Having lots of money, as usual, helps with this problem. With a low withdrawal rate in the 1.5% to 2% range, a retiree can set aside four years of spending and still have a reasonable cash allocation. The performance penalty only comes when withdrawal rates exceed these.
It has also been argued that TS strategies reduce sequence of returns risk, but Moshe Milevsky showed in "Can Buckets Bail Out a Poor Sequence of Investment Returns?" that this strategy cannot always avoid sequence risk. When a retiree spends all his cash in a market downturn he can be left with an extremely risky all-equity portfolio, possibly before the bear market ends.
(The Milevsky paper is sometimes interpreted as saying that cash buckets cannot avoid a poor sequence of returns. Milevsky, however, simply offers a counterexample argument that shows the strategy doesn't always work.)
You could turn most SWR portfolios into a Time Segmentation portfolio simply by over-allocating cash. But, Woerheide and Nanigan tell us that we would actually hurt portfolio sustainability, not improve it, due to the performance drag of a large cash bucket. Milevsky showed that we can't depend on cash buckets to avoid a poor sequence of returns. This leaves only the behavioral benefit of a Time Segmentation strategy to distinguish it, so it becomes more of a different perspective on a SWR strategy than a unique approach, to my thinking.

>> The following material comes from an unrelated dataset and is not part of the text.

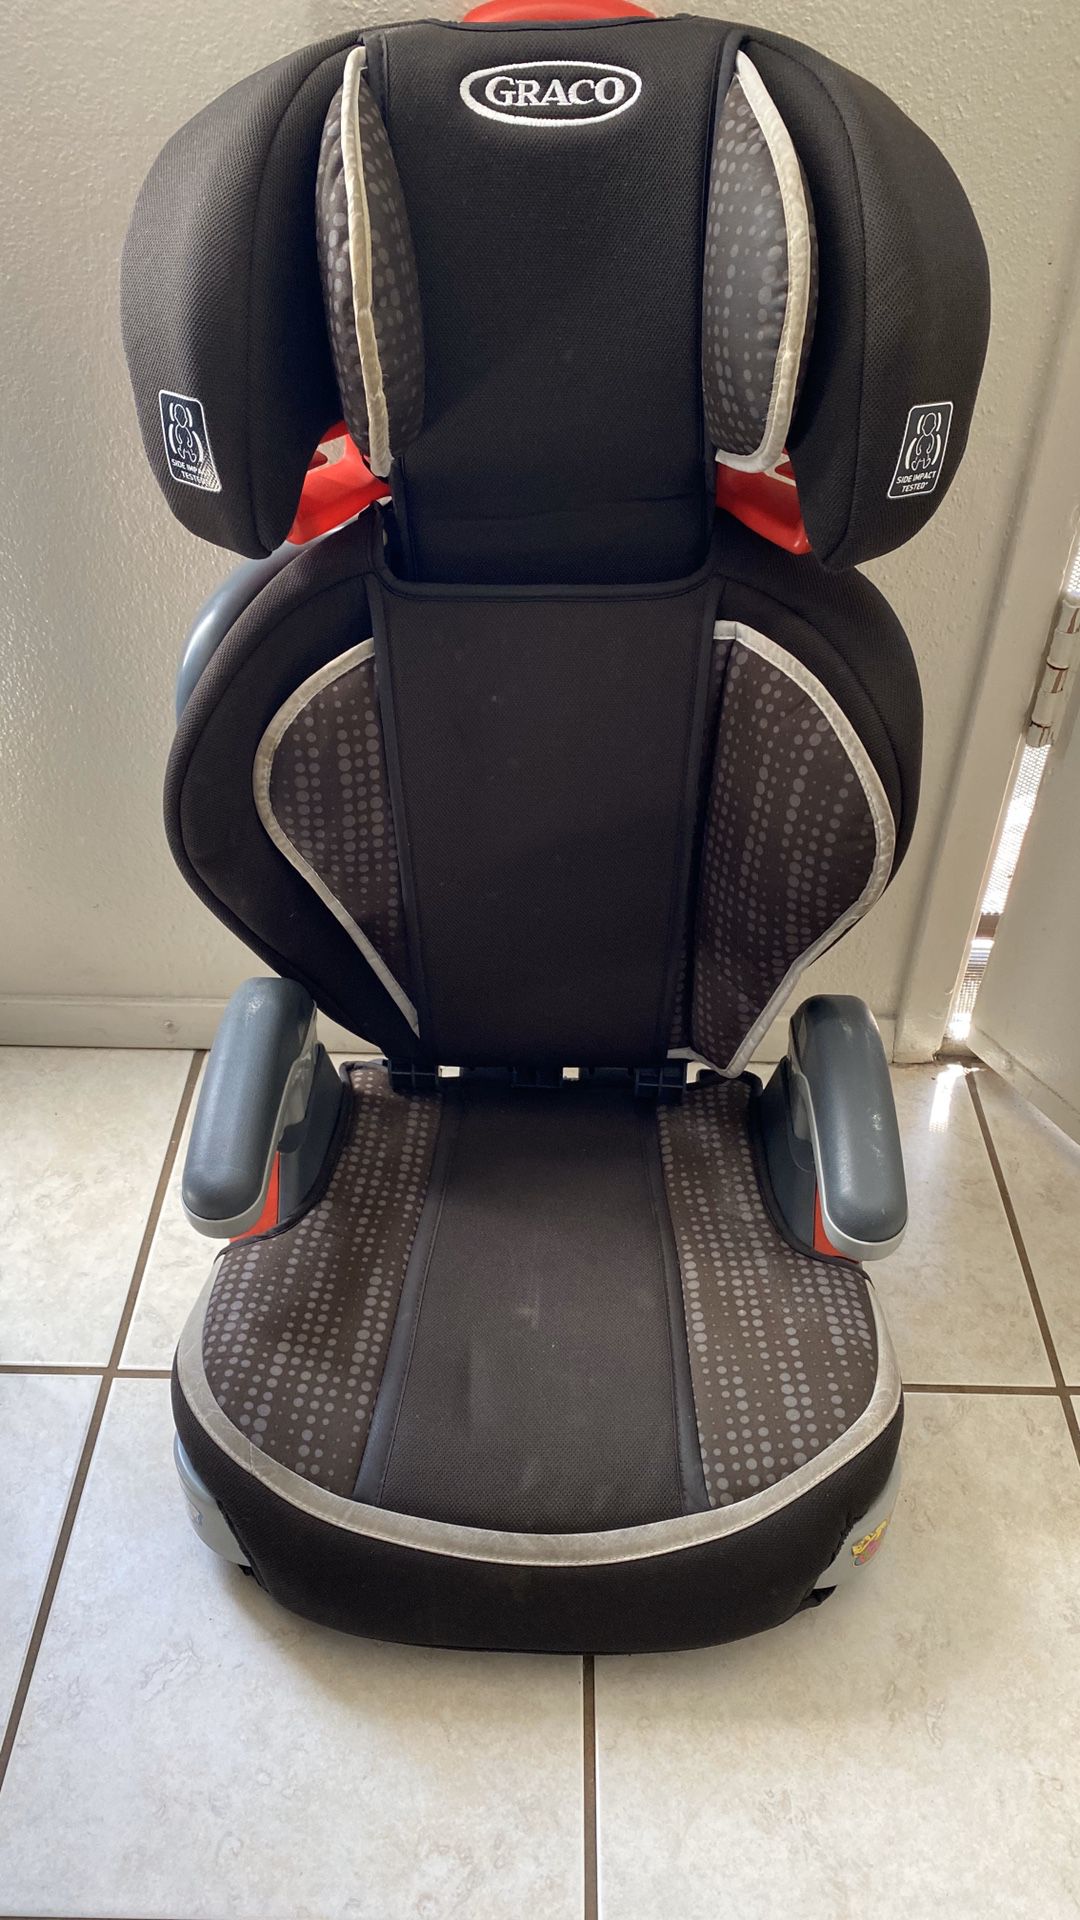 Booster car seat Graco

If you have a lot of money and a low spending rate, you can hold a cash buffer that covers four or five years of spending without much damage to expected portfolio returns. The benefits will be largely psychological, but will have little or no financial cost. Retirees with a withdrawal rate of 3% or more may find the psychological benefits of this mental accounting worth the financial cost, but need to understand that it comes at a price.
I'm crossing Time Segmentation off my list of sound retirement income strategies, not because it is flawed or dominated, but because I don't believe it is distinct enough from SWR strategies to warrant separate consideration. In the end, it is largely a SWR strategy with perhaps too large an allocation to cash for its own good.
I believe Time Segmentation will provide a useful way for many retirees to view their finances, so just look at your portfolio from both perspectives. And, again, I don't want to minimize the value of making retirees comfortable, even if there are more efficient financial strategies. Over-withholding one's taxes, for example, isn't an efficient way to save money, but some people have trouble saving any other way.
I think a sub-optimal strategy is better than no strategy. Or, as my friend Peter is fond of saying, bad breath is better than no breath at all.